19 września 2014 19:00 / 1 osobie podoba się ten post
greenandy

Moim zdaniem,nie nerwica.Po prostu nie nadaje sie do tej pracy.
Nie każdy się nadaje.

Może.Ale jak ktoś słabnie to przyczyna jakas być musi.Z samego faktu ,że ktoś sie nie nadaje zasłabnięc nie ma.
19 września 2014 19:01
Jak ma silny stress - to czemu nie? zasłabnie jak nic.
19 września 2014 20:01
Tez uwazam że ze stresu i przemęczenia można zasłabnąć.A tego czasem na steli nie brakuje i nie każdy da radę.
 
W tym sensie pisałam,że nie każdy nadaje sie do tej pracy.
19 września 2014 20:05 / 1 osobie podoba się ten post
greenandy

Tez uwazam że ze stresu i przemęczenia można zasłabnąć.A tego czasem na steli nie brakuje i nie każdy da radę.
 
W tym sensie pisałam,że nie każdy nadaje sie do tej pracy.

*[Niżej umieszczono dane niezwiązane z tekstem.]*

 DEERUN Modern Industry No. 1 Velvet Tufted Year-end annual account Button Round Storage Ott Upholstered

Bo to jest świeta prawda! Osoby , szczególnie wrażliwe, nie nadaja się do tej pracy. Tutaj to trzeba miec twardą d....ę i duzo samozaparcia!
19 września 2014 20:06 / 3 osobom podoba się ten post
Zdrowie,zarówno fizyczne jak i psychiczne /siłę psychiczną/ trzeba mieć.
19 września 2014 20:11 / 1 osobie podoba się ten post
Ja się z tym wszystkim zgadzam coście napisały,tylko że no jak się jedzie 1,2 raz ok ale dziewczyna była kilkakrotnie i za każdym razem ta sama historia do tego stopnia ,że musi do domu wracać ,więc uważam ,że być moż eto coś więcej niz stres,przemęczenie i nerwica nawet.Każdy ma fizycznie gorsze dni ale nie aż tak,nie na każdym wyjeździe kolejnym.Powinna iśc do dr i przynajmniej podstawowe badania i EKG zrobić,choćby dla spokojności-ja bym poszła.
19 września 2014 20:26
Barbara niepowtarzalna

To teraz wiem , dlaczego zdarza mi się robić słabo w kościele , jak dłużej postoję ...... Nie nadaję się , czyi niegodna jestem ?????-:)))))))

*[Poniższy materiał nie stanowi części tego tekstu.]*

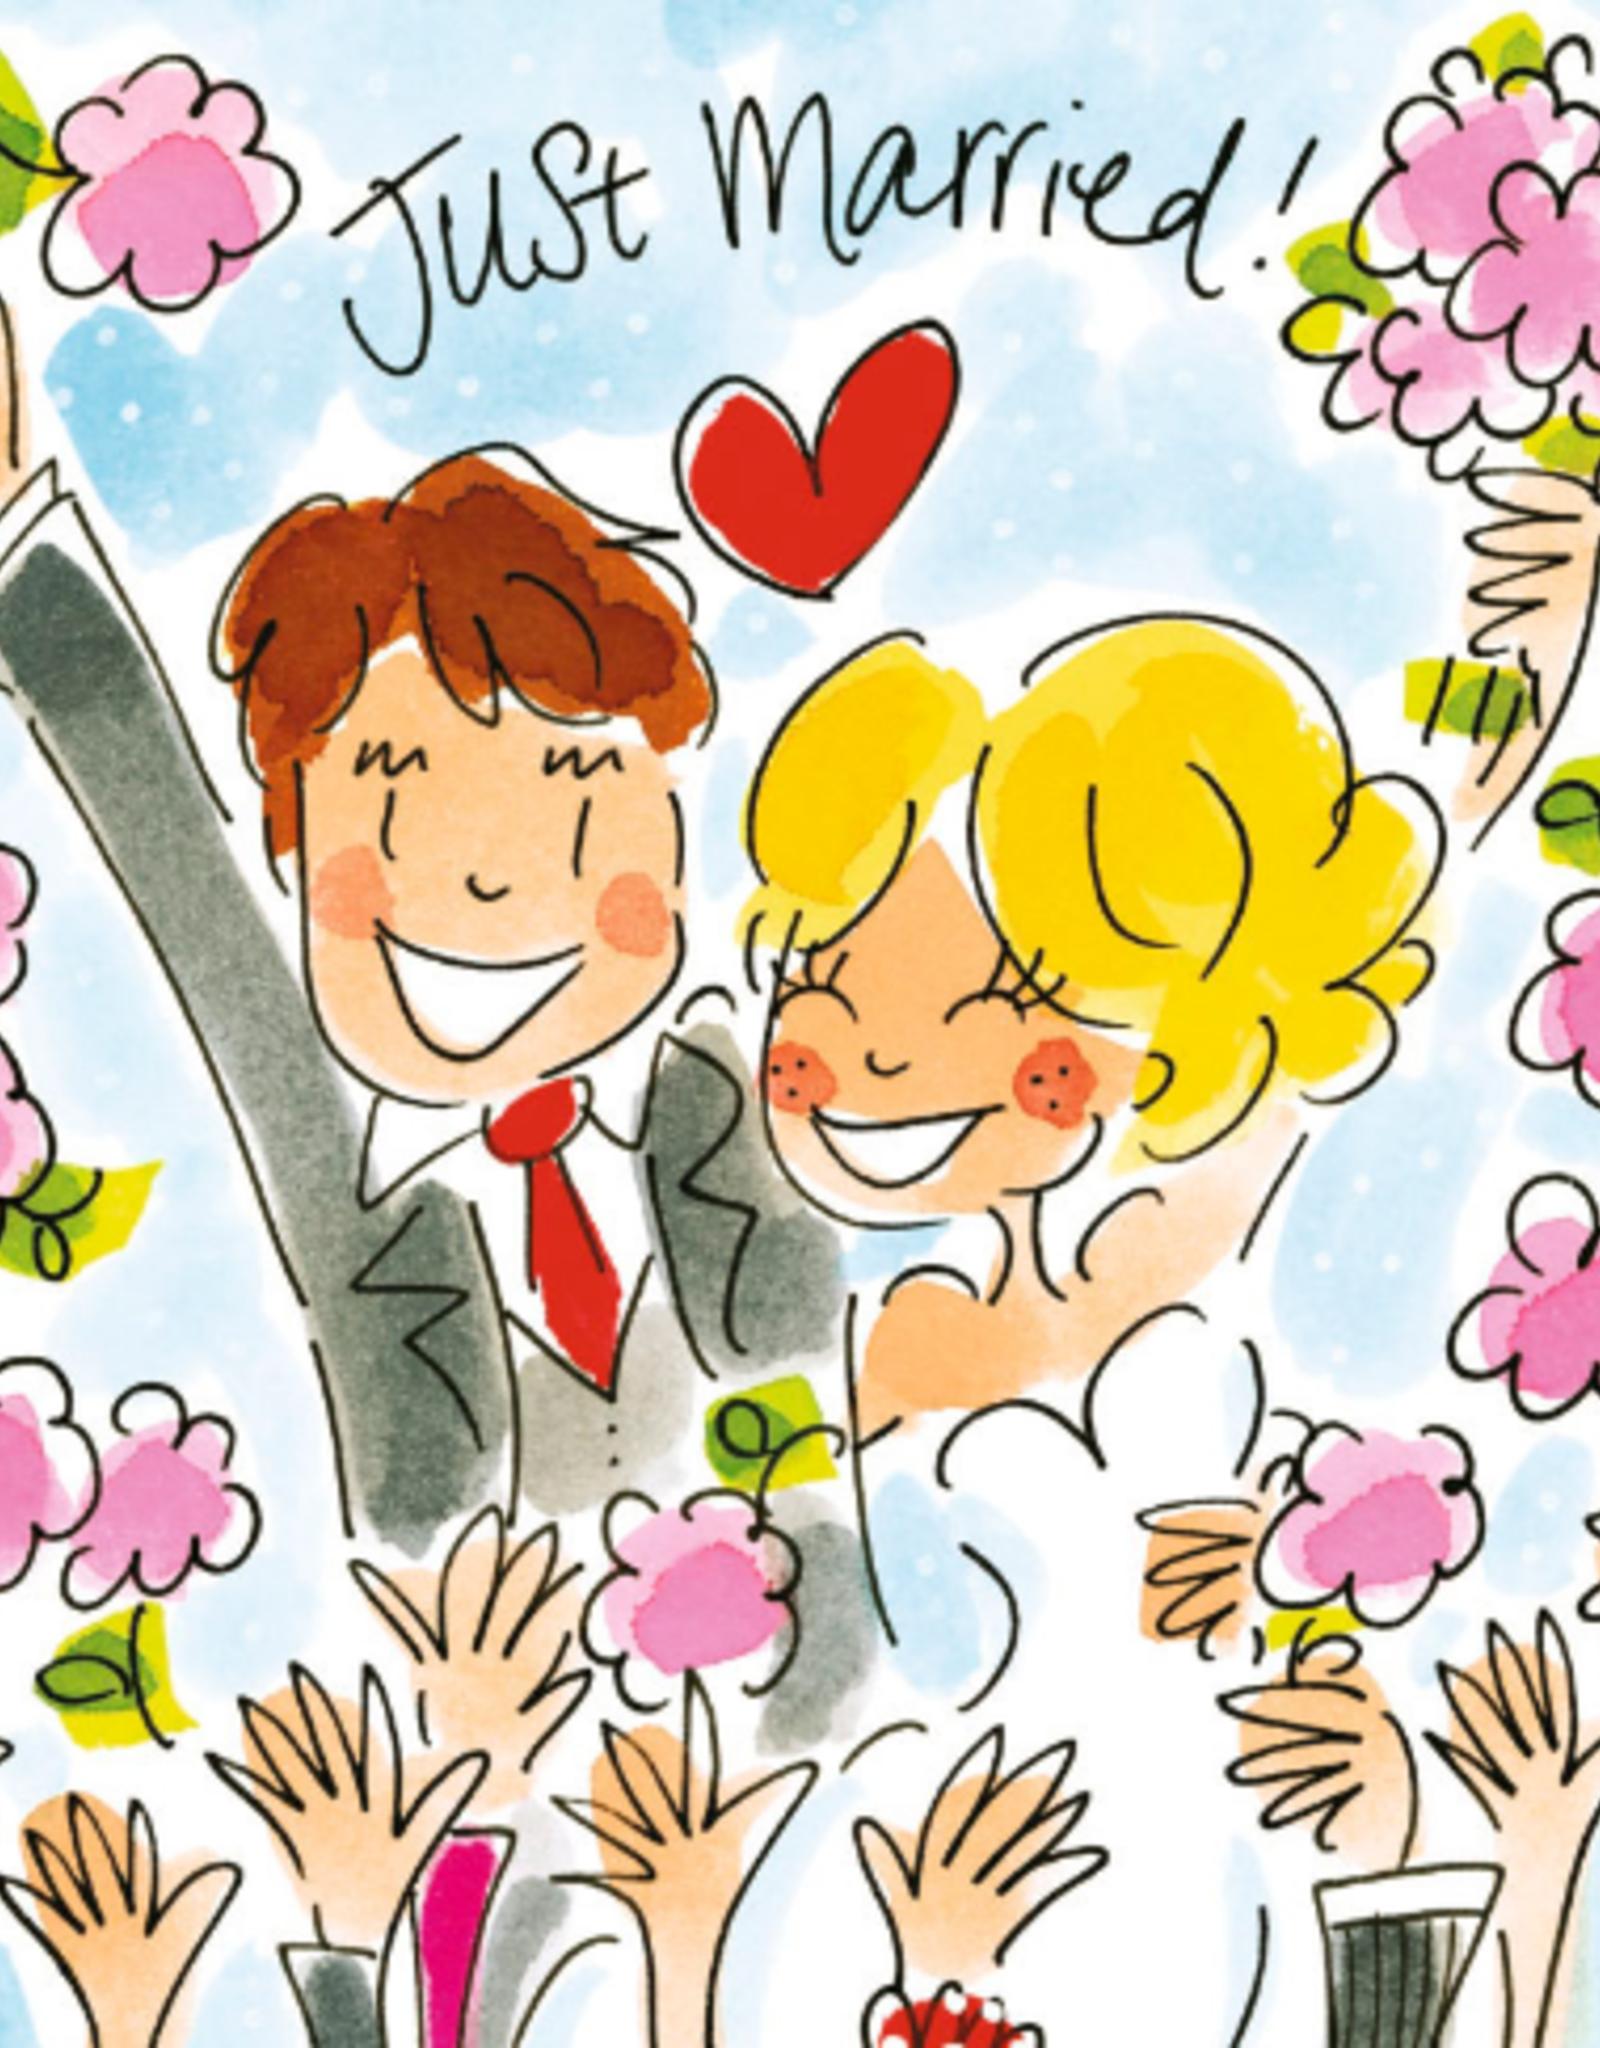 Blond Amsterdam Just Married! - Wenskaart Blond Amsterdam

hahahaha Ja mam to samo, rzadko mdleję ale jak już to w kościele.  Jakoś mi tam za duszno i powietrza brakuje. kurde może ja też niegodna ? A moze powinnam sobie własną ławkę wykupić ?:)
 
A tak poza tym to jestem " do rany przyłóż". nie wiem dlaczego ale tutaj mam wiecej cierpliwości.
Potrafie wstać wnocy po raz 6 do wołającej babci i jeszcze wejsc do jej pokoju z uśmiechem.